After a few days disconnected, I am still trying to catch up with all the great data you have been sending our way.  So you should soon start seeing the latest of your data back up on the old good google docs sheet.

In the meantime, and because some of you asked for it, we have now set up a phone number where you can text us your observations. (Please do not leave us a voice message). You can still post your observations on the website or via email.

The phone number we have set up is 021 109 6727.

Looking forward to continue hearing from you!

Posted by: kubke | January 10, 2010

We are still keen to hear from our citizen scientists

Thanks to all of you who are contributing data.
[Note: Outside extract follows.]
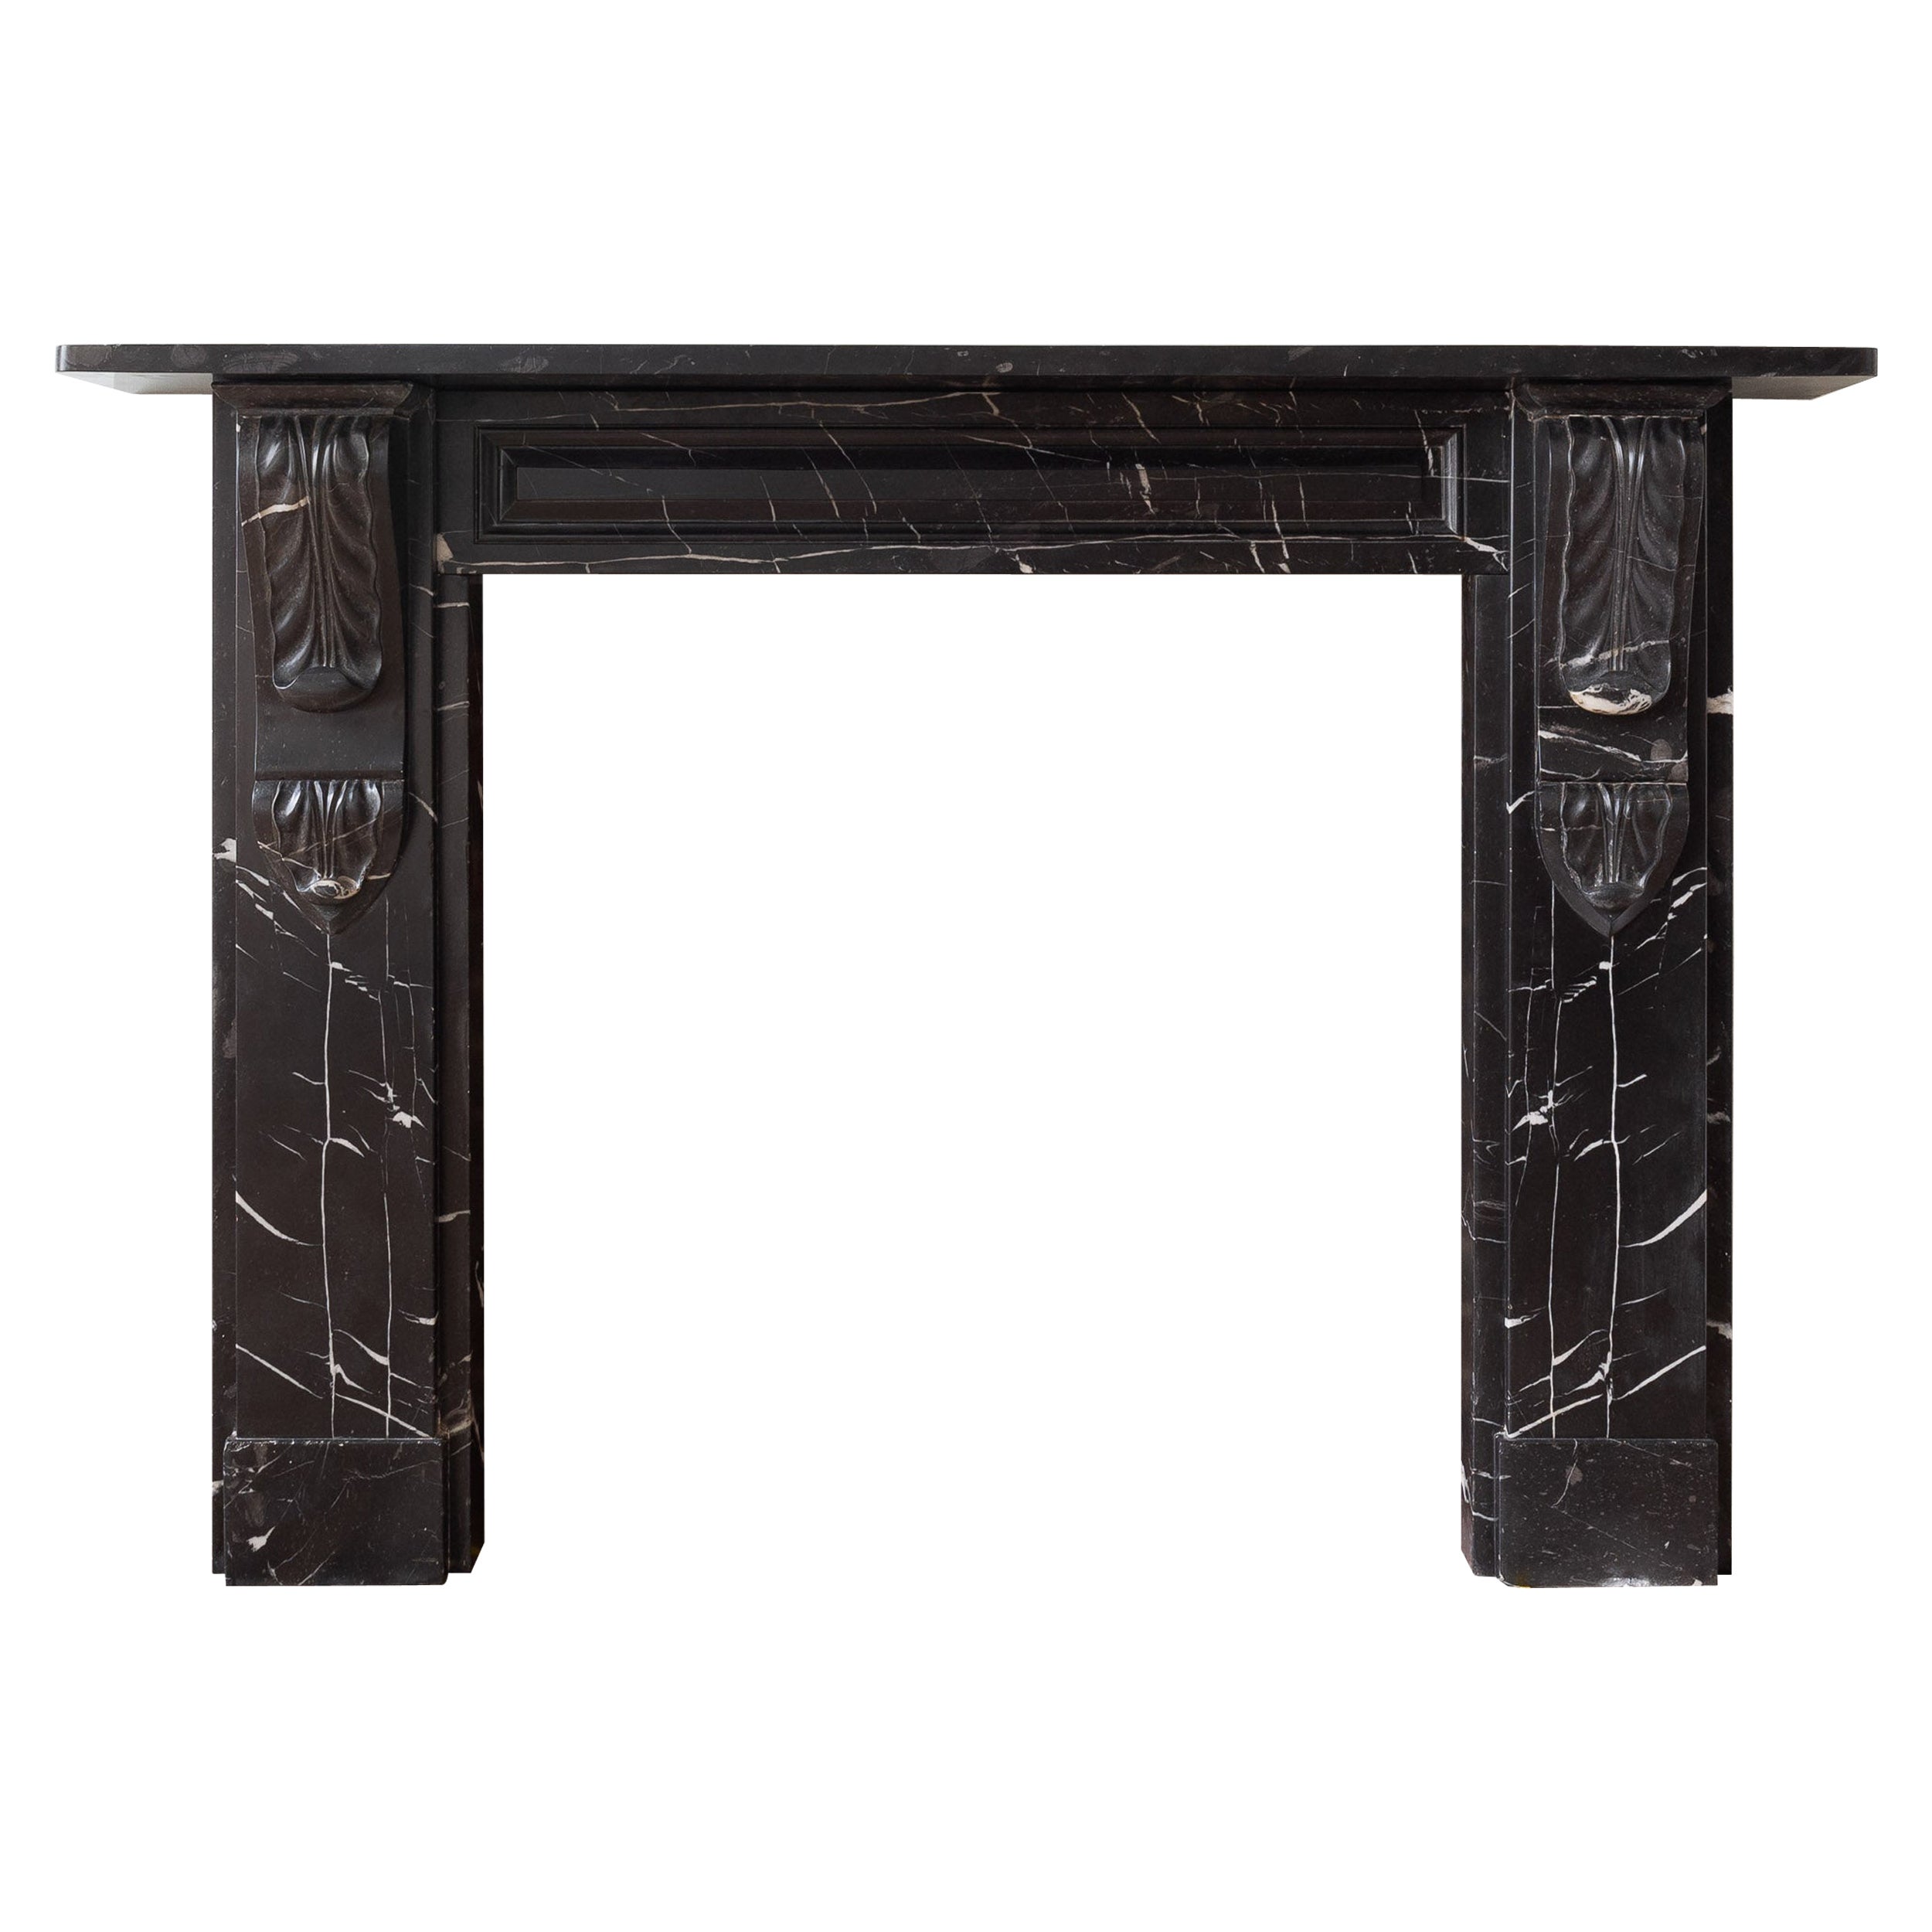 Early Victorian Radford Black Fireplace  For Sale

We are very grateful and the data you are sending is fantastic.

We continue to compile all of the data we receive on the website or by mail on a spreadsheet that lives in google docs here. We should soon be able to have a way for all of you to text us your observations (we will let you know when that is finally set up).

In the meantime, enjoy these beautiful pictures!

Judy told us that tui often come to a flax plant near their picnic table, one at a time. But sometimes a second one will fly in and scare the first one away.

Tui (Sept 08) by Judy and Graeme Keall, Manakau Village

Eileen told us that there is a great population of Tui in the Kapiti coast, and they even named one Tama, who would come to feed and sing early in the morning.

Tui in Paraparaumu Beach by Eileen and Bill Mofatt

Posted by: kubke | January 9, 2010

Tui make great photographic subjects

We are continuing to post the photographs that our citizen scientists/photographers are happy to have us share on the site.

Vivienne says that she often sees tui perched on power lines and on the ngaio tree at the front of the house.  This is a lovely picture!

Tui by Vivienne, Hungleigh Park Way

 Trevor told us that a Tui sang a new year’s wish from this Banksia tree, and then flew off… What a great way to start the year!

Banksia Tree by Trevor Harrop, Stratford

Posted by: kubke | January 8, 2010

More Tui pictures to share

Many of our great citizen scientists that are also great photographers are happy to share their pictures on this site. Librarykris, is not only sending us great data but has also began posting her pictures on Flickr. You can see those pictures here.

Paul Knight has sent us some pictures and we are sharing this beautiful one of his with you today. (You can visit Paul’s photography site here as well).